Now in this example, our database is called a "flat file" database. What this means is that all the data needed for the recipe is stored in one record. Flat file databases have their use especially where the data store in each record is limited or simple. An address book application on your computer is one example.

However, if your database is going to be complex, like a police records management system (RMS) for example, it's useful to segregate data into separate tables. A table is just a group of records within a database. A relational database relates records in different tables to each other by a common field that is shared by records in different tables.

The reasons for a relational database is it is more flexible and efficient. For instance a police RMS could store information about vehicles in a vehicles table. That information could then be used by both a traffic accident module and an incident module. The data would only have to be stored once but could be used by more than one module.

Let's apply this to our recipe box analogy. If we created a separate table in our database for cooking technique, for example; grilling, frying, or poaching, then we would not need to rewrite these detailed instructions on each recipe that called for these techniques. Our recipe cards could just refer to the record in the techniques table that had those instructions.

In our recipe box analogy, a record in the recipe table could contain a field for technique and store the value of "grilling".  A record in the technique table would also have the value "grilling". These related fields are the "key". When you retrieved the record from the recipe table for grilled salmon, it would use the key field to also pull the appropriate record with the matching key from the technique table. The whole database only has to store the instructions for grilling once in the database even if a hundred different recipes called for that technique.

All this is well and good but why is it important to know how a database works?

Most crime analysts will access the information stored in their RMS though the RMS application. But there are real advantages to being able to access the data directly. For example, in the RMS I use at my department, there are several screens where various bits of data are captured and stored. However, the canned reports that come with the RMS don't display those bits when you run the report. The data is stored in the database but the report isn't configured to display it.
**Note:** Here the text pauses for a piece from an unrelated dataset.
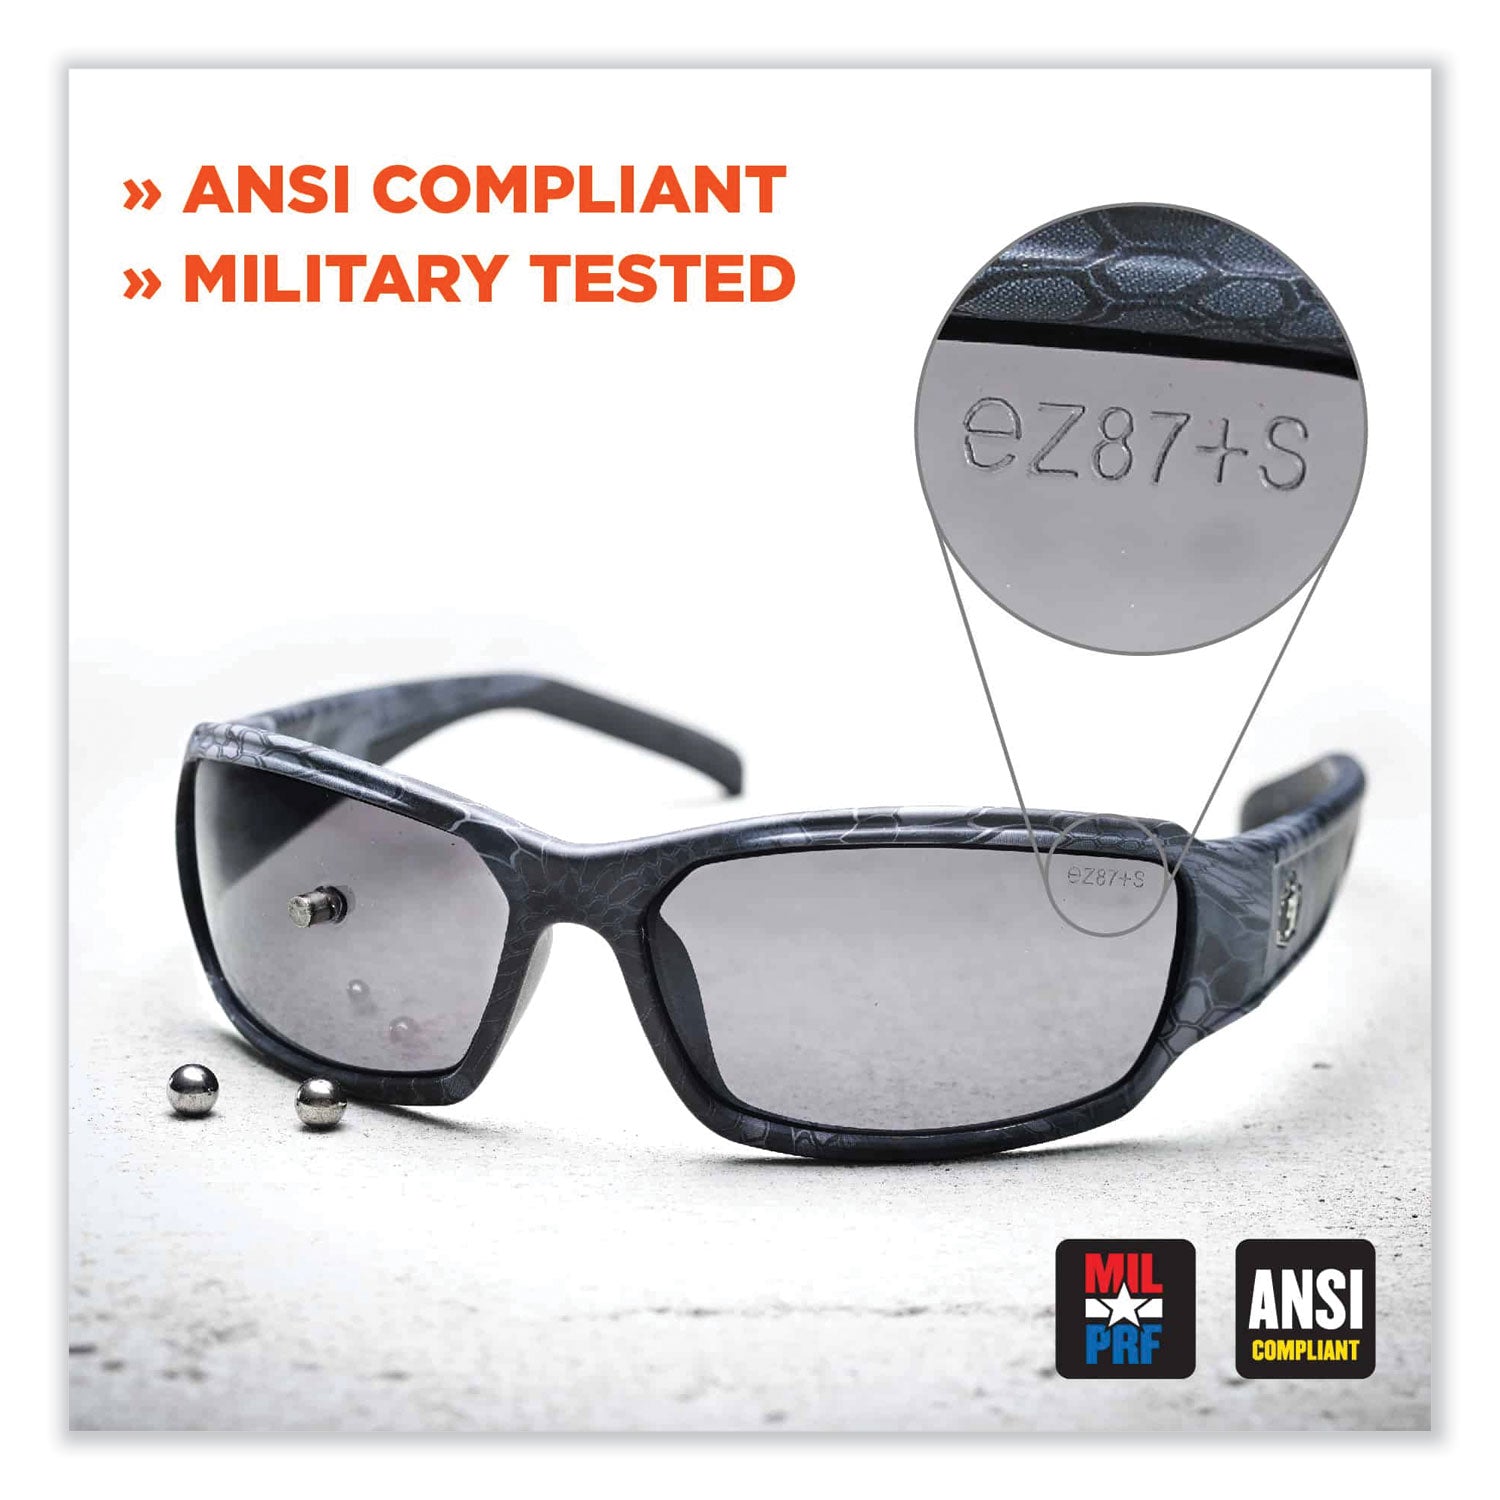 skullerz-dagr-safety-glasses-black-nylon-impact-frame-antifog-indoor-outdoor-polycarbonate-lens-ships-in-1-3-business-days_ego52483 - 8

If you can directly access the database, you can use other tools to get at this data.

When you start working with a complex database with data stored across multiple tables you need a way to know where this data is stored. Most RMS systems or other applications have a document called a "schema" that is a roadmap to your data. This schema is important if you are going to use outside tools to create reports or extract data.

At my department I have direct read only access to the database using a technology called OBDC. This allows me to access the data in our RMS using reporting tools such as Crystal Reports or to import the data into a tool like Microsoft Excel or ArcGIS for further analysis. These tools greatly expand what I can do with the information contained in my RMS database.

Now the mechanics of using OBDC to access a database directly is beyond the scope of this post. However, I can tell you it's not as difficult as you might think it is. Your database administrator can likely help teach you how to do this and walk you through some of these techniques. Once you learn how, it can really improve your ability to analyze the information contained in your RMS. It's well worth the time and effort to learn.